** Opening Material provided block **

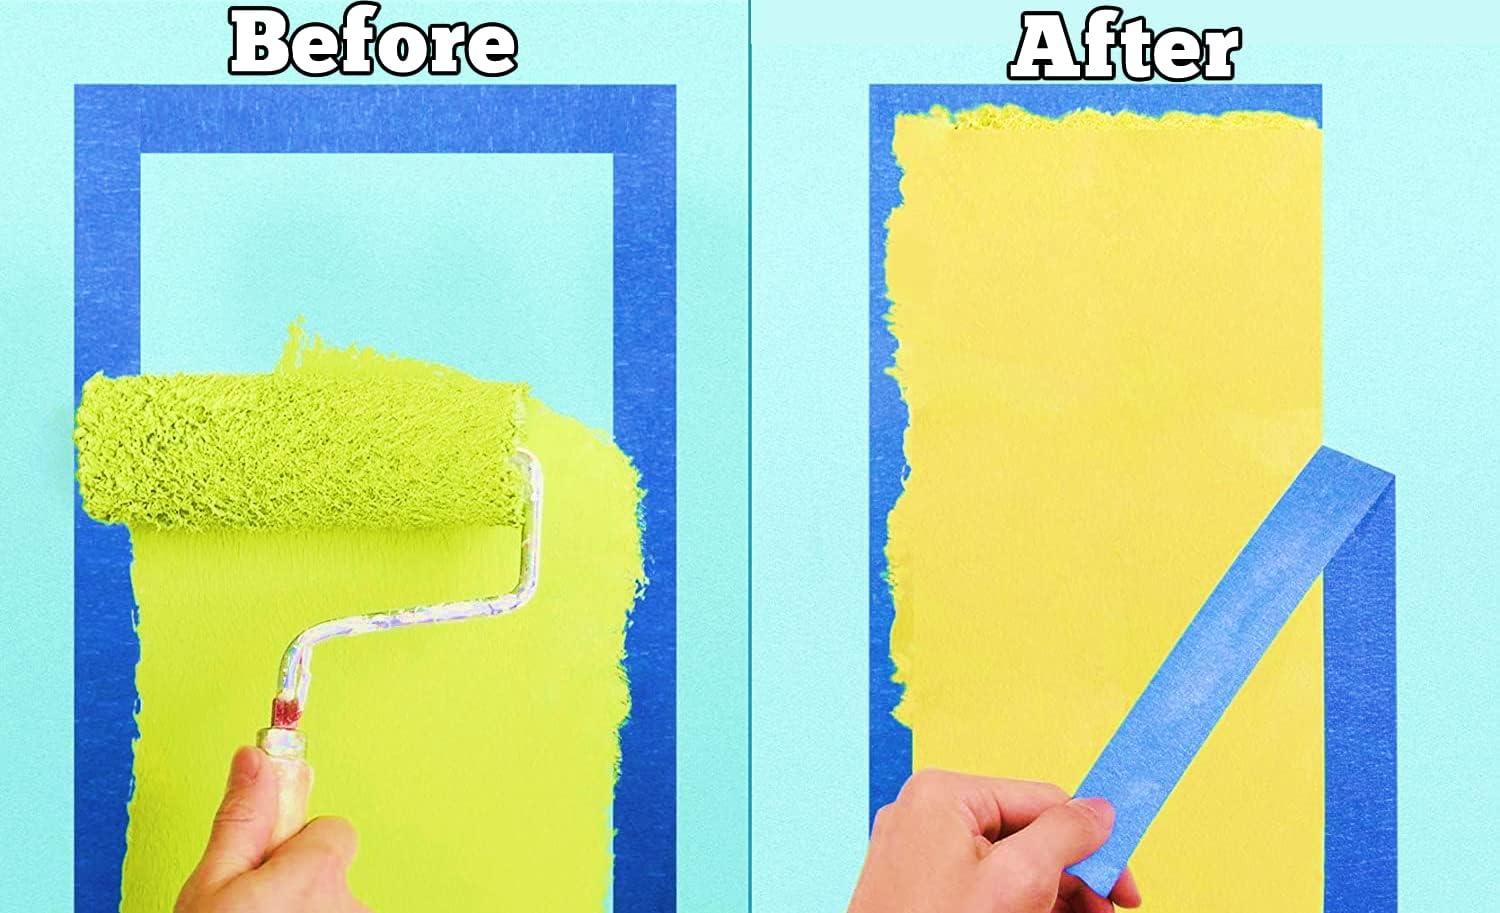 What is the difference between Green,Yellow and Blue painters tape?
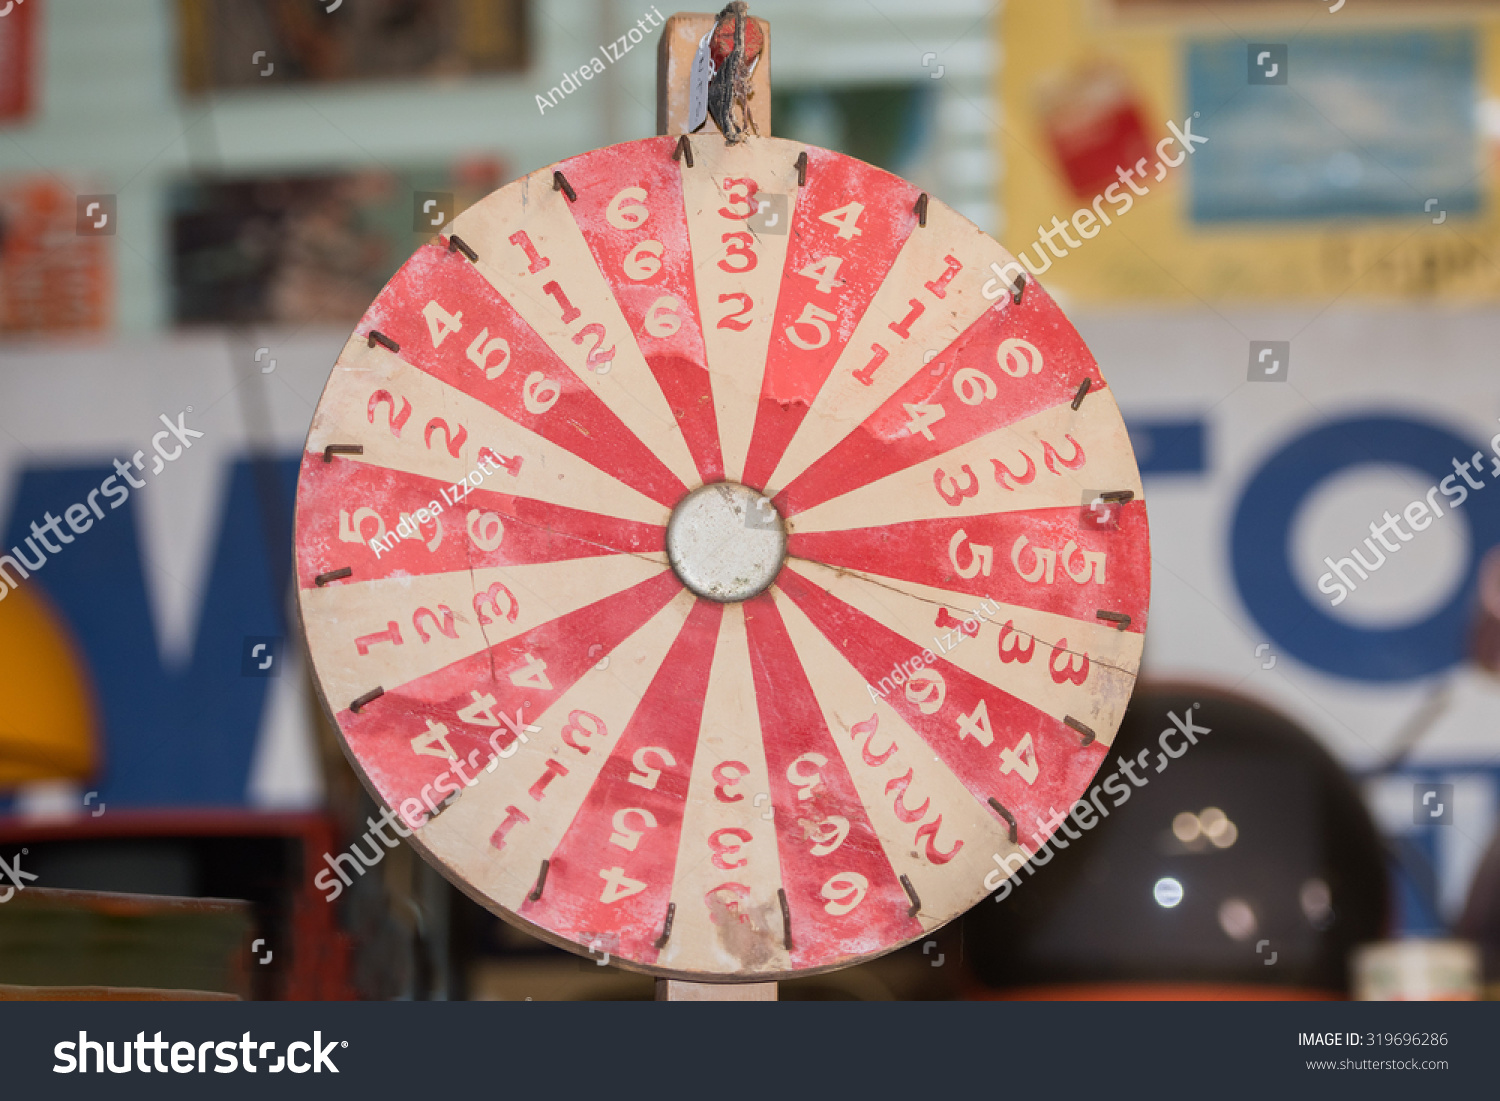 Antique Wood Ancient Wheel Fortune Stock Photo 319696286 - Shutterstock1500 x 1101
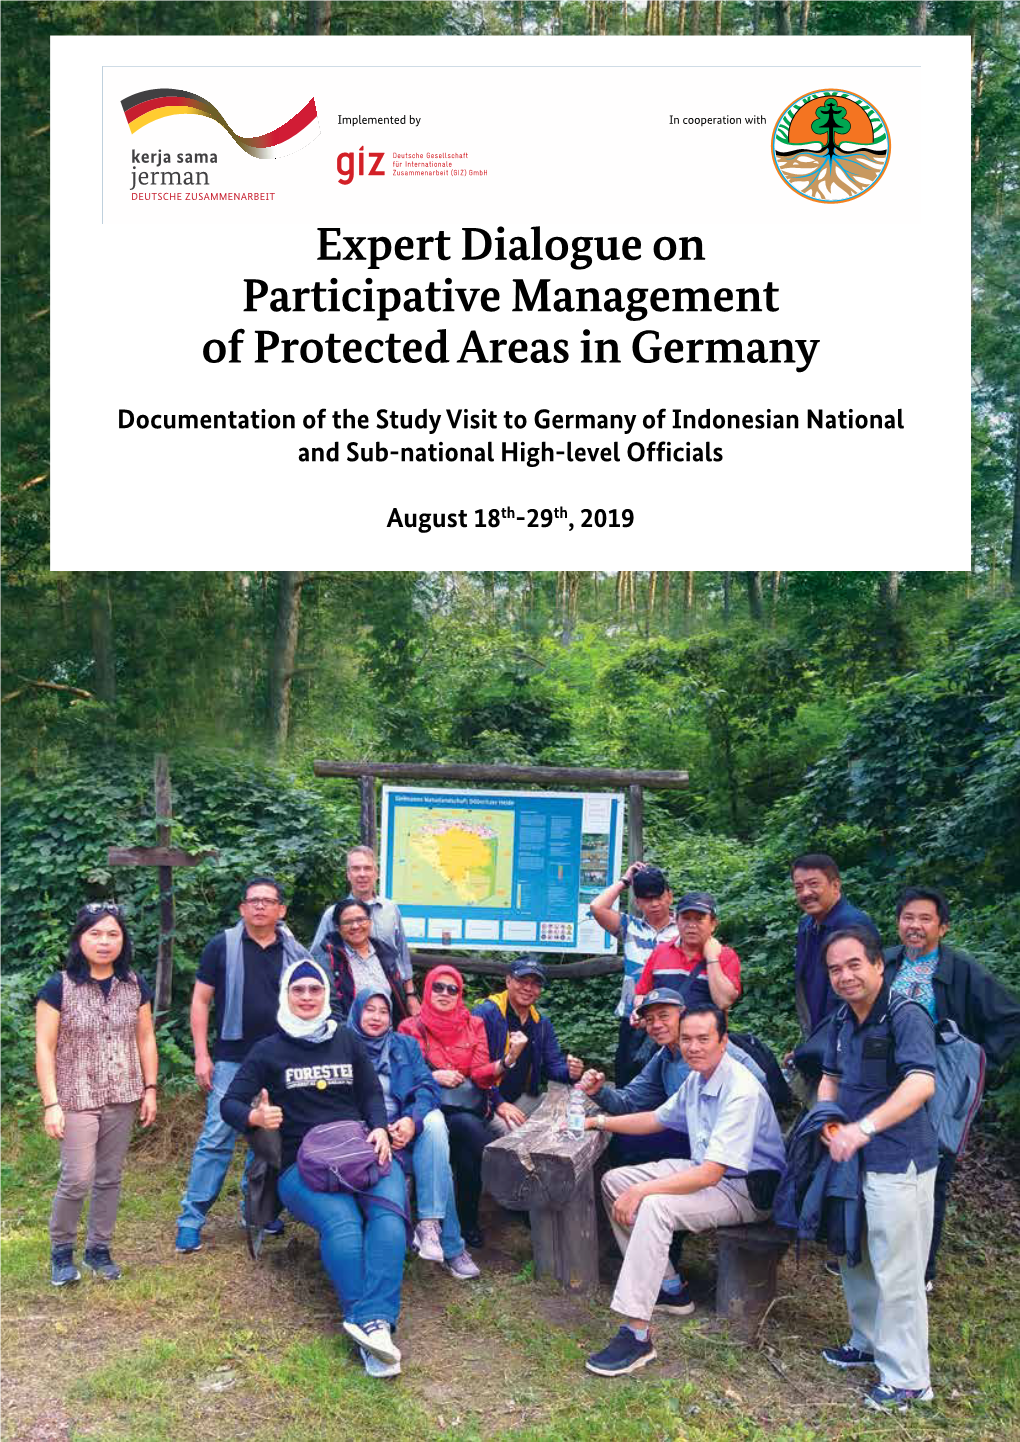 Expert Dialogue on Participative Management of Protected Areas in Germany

** Closing Material provided block **
** Opening Material provided block **

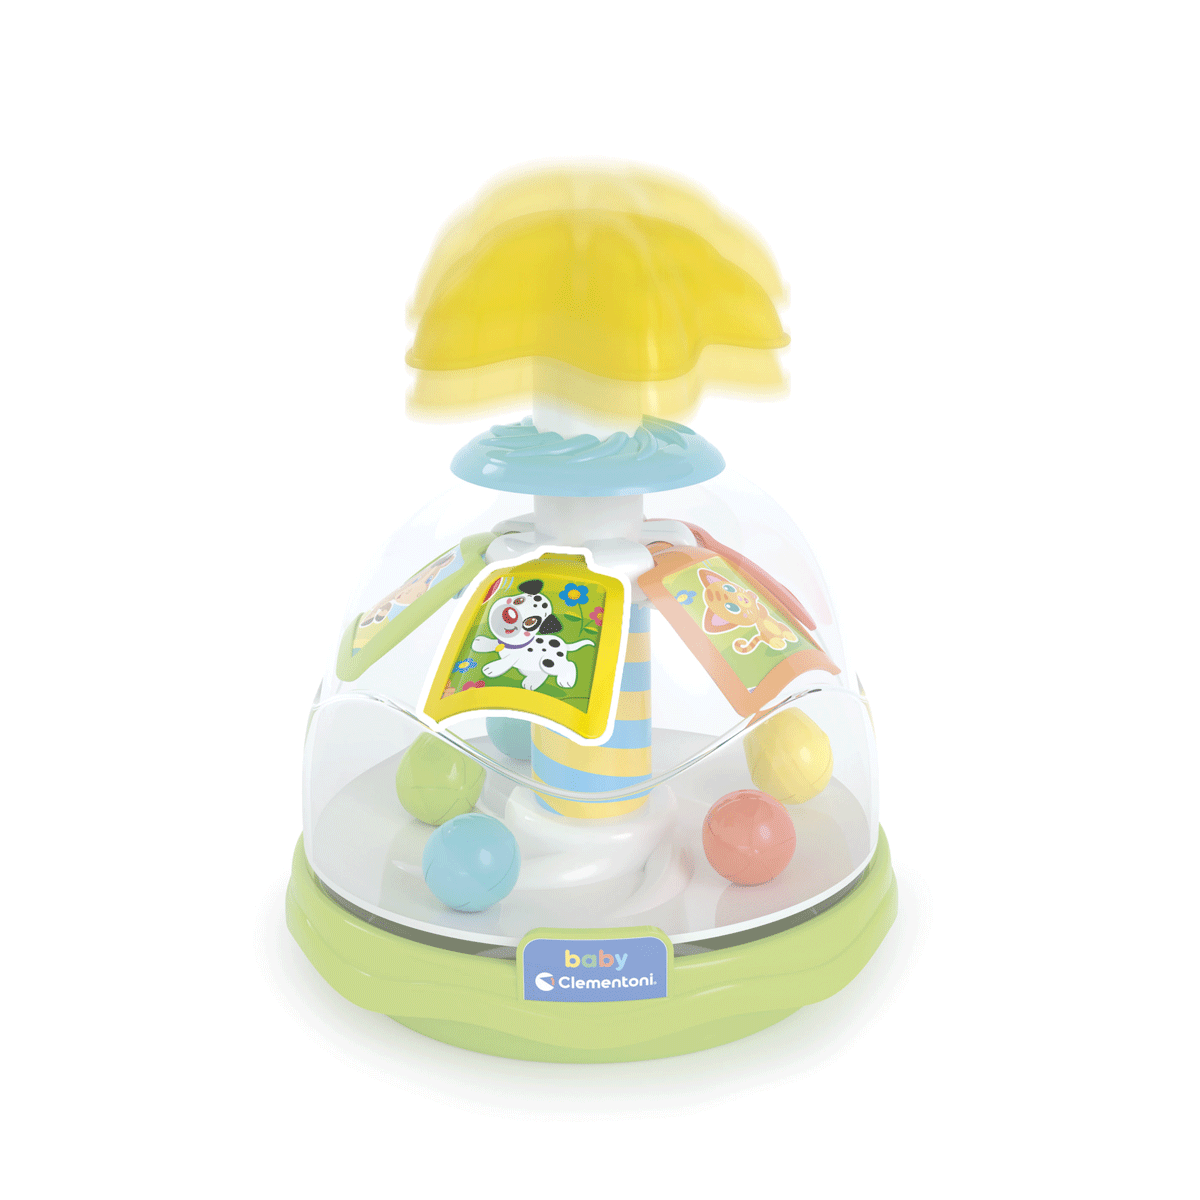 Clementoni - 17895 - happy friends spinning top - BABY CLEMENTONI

** Closing Material provided block **
** Opening Material provided block **

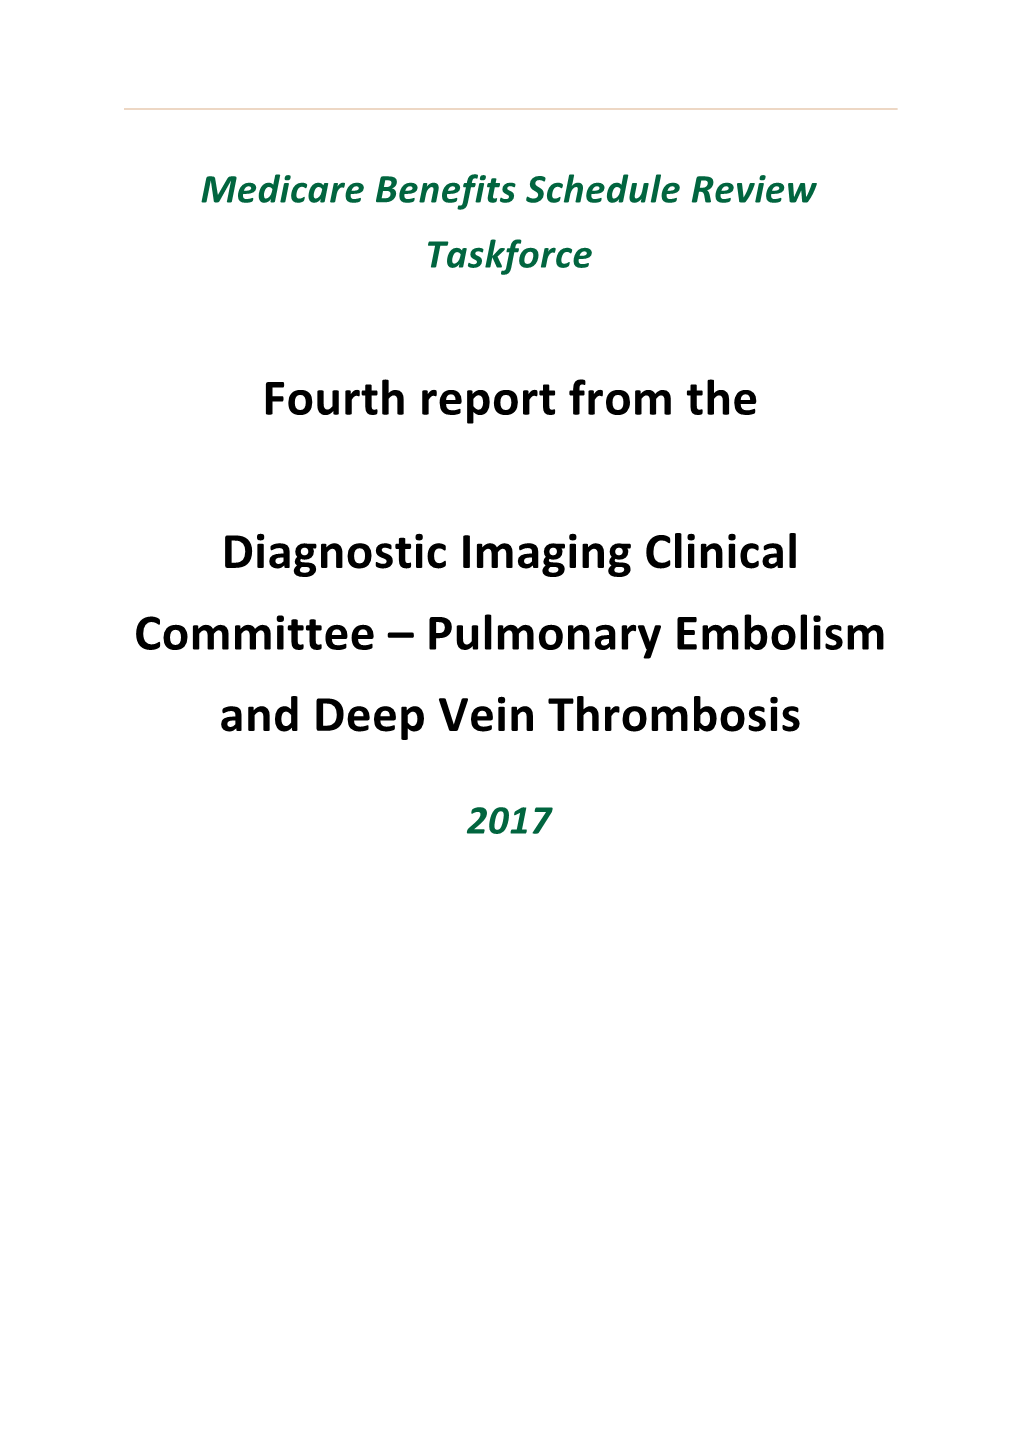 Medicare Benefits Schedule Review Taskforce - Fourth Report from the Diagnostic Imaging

** Closing Material provided block **

Please copy out from the data above, without any picture, exactly the lines running from the one that holds "Antique Wood Ancient" through the one that holds "Expert Dialogue on", and nothing beyond them.

### Written answer
 Antique Wood Ancient Wheel Fortune Stock Photo 319696286 - Shutterstock1500 x 1101
 Expert Dialogue on Participative Management of Protected Areas in Germany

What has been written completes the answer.